How to find all URLs using Selenium
A step-by-step guide on how to find all URLs using Selenium.
Important: we’ll use a real-life example in this tutorial, so you’ll need Selenium library and browser drivers installed.
from selenium.webdriver.common.by import By
link_elements = driver.find_elements(By.TAG_NAME, "a")
for link in link_elements:
print (link.get_attribute("href"))
NOTE: In the code above, we’re getting all elements with <a> tag and iterating through them to print out their href attribute.

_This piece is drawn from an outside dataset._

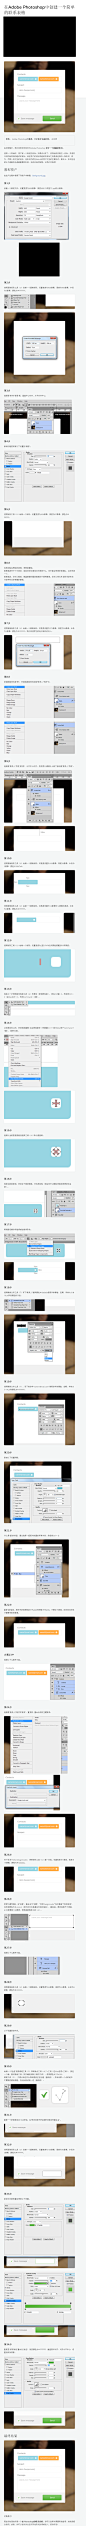 创建一个简单的联系表格在Adobe Photoshop - Designmodo

This is the output of the script. It shows the elements you’ve just scraped.
Full code so far:
from selenium import webdriver
from selenium.webdriver.common.by import By
import re
driver = webdriver.Chrome()
driver.get("http://books.toscrape.com/catalogue/a-light-in-the-attic_1000/index.html")
link_elements = driver.find_elements(By.TAG_NAME, "a")

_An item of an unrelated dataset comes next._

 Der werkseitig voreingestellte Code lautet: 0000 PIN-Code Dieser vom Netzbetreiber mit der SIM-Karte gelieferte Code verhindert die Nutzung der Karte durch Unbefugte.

for link in link_elements:
print (link.get_attribute("href"))
driver.quit()
Find Links Using CSS or XPath Selectors
Step 1. We’ll use our main page in the example to get the URLs of the reviews we can find on our home page.
Inspect the page source. You can see that all of these links have one thing in common – reviews/ string present in their href attributes. That’s what you need to select.
Step 2. You can write the CSS and XPath selectors in this way:
elements_by_css = driver.find_elements(By.CSS_SELECTOR, "a[href*='reviews/']")
elements_by_xpath = driver.find_elements(By.XPATH, "//a[contains(@href,'reviews/')]")
NOTE: Both of them are looking for <a> tags within the document with a href tag containing a reviews/ substring.
Step 3. You can add a couple more lines of code to print everything out. The whole script looks like this:
from selenium import webdriver
from selenium.webdriver.common.by import By
driver = webdriver.Chrome()
driver.get("https://proxyway.com")
elements_by_css = driver.find_elements(By.CSS_SELECTOR, "a[href*='reviews/']")
elements_by_xpath = driver.find_elements(By.XPATH, "//a[contains(@href,'reviews/')]")
print ("By CSS:")
for link in elements_by_css:
print (link.get_attribute("href"))
print ("By XPath:")
for link in elements_by_xpath:
print (link.get_attribute("href"))
driver.quit()
This is the output of the script. It shows the links you’ve just scraped.
NOTE: You can see that both selectors return the same links. Some duplicates can be easily filtered out after creating a new list to store unique online links.